D. pedro já era casado com D. Constança quando começaram os seus amores com D. Inês de Castro. Mas D. Constança morreu, já depois de ter um filho, o futuro rei D. Fernando e é talvez nessa altura que D. Afonso IV pressiona o filho a voltar a casar, ou será D. Pedro que quer voltar a casar e desta vez com D. Inês

Fica um link, penso que mais consentâneo com a verdade 





> http://www.vidaslusofonas.pt/inesdecastro.htm


----------



## Audie

Encontrei este, que nunca ouvi e nem sei se corresponde ao sentido do inglês: _'__Coração que suspira não tem o que deseja'_ (na Wikipedia). 

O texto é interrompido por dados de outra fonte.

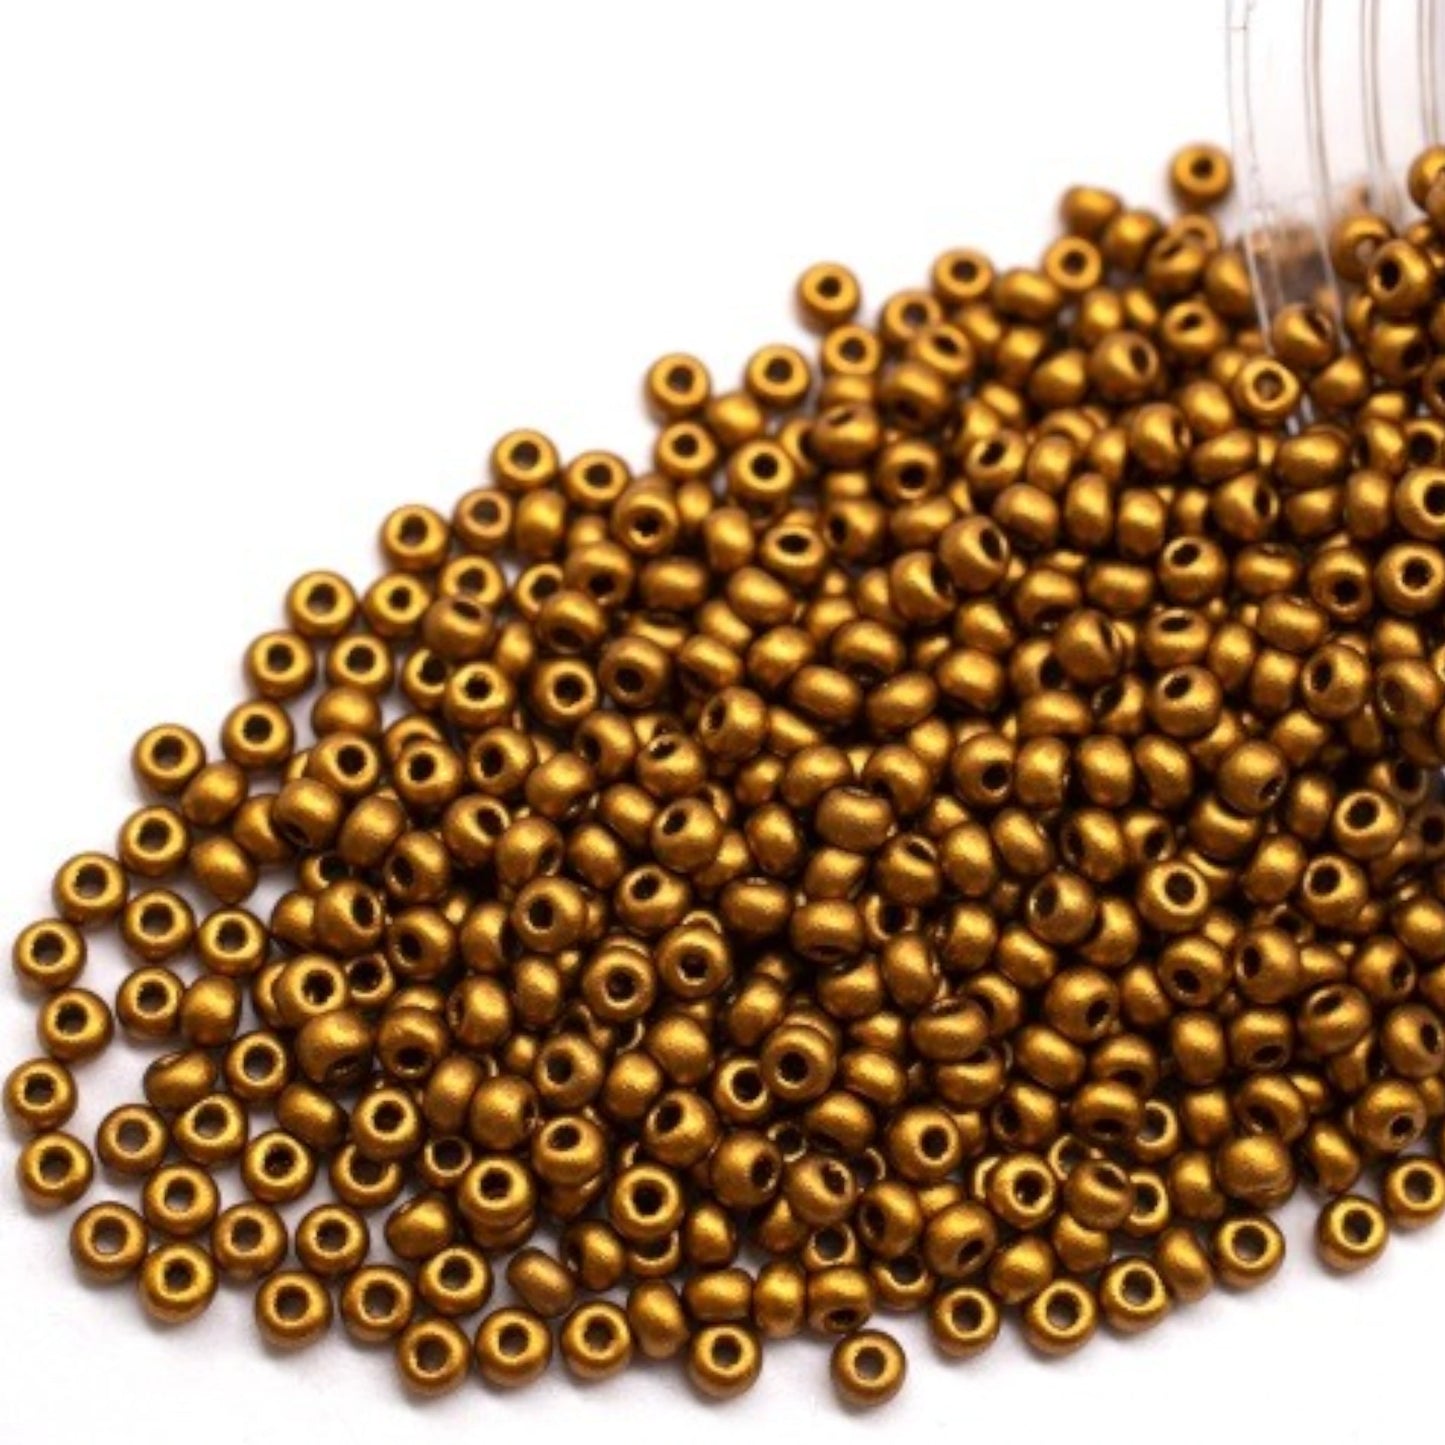 01740 Czech seed beads PRECIOSA round 10/0 Golden metallic. Metallic - Opaque Bronze.

E me lembrei de outro que ouvi muito: _'__Se minha mãe tivesse bigode, eu tinha dois pais', _dirigido sempre a alguém que vive de suposições. Bem, pelo menos foi com esse sentido que ouvi sendo usado.


----------



## Casquilho

Pelo menos entre a minha família e meus amigos, temos um dito que acho capta o sentido do provérbio em inglês, extraído da cultura televisiva-desenhística: "Se o Pica-Pau tivesse comunicado à polícia, isso nunca teria acontecido". Bastou alguém vir com um "Se você tivesse feito isso, então tinha acontecido aquilo", essa resposta vem na hora!


----------



## uchi.m

Casquilho said:


> Pelo menos entre a minha família e meus amigos, temos um dito que acho capta o sentido do provérbio em inglês, extraído da cultura televisiva-desenhística: "Se o Pica-Pau tivesse comunicado à polícia, isso nunca teria acontecido". Bastou alguém vir com um "Se você tivesse feito isso, então tinha acontecido aquilo", essa resposta vem na hora!

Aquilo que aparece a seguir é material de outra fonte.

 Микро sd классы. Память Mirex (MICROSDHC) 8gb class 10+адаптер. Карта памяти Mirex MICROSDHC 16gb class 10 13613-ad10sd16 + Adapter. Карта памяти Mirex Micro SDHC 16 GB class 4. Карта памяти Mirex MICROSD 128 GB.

Desculpa a dúvida, mas quando o Pica-Pau comunica algo pro policial, no desenho, as coisas se resolvem?!


----------



## GamblingCamel

Audierunt said:


> E me lembrei de outro que ouvi muito: _'__Se minha mãe tivesse bigode, eu tinha dois pais' , _dirigido sempre a alguém que vive de suposições, ao menos, foi com esse sentido que ouvi sendo usado.


I think that resembles the EN proverb with its folksy, silly common sense.


----------



## Casquilho

uchi.m, procure por "Pica Pau Um tesouro difícil" em qualquer site de vídeos e vc vai entender a _gag_!


----------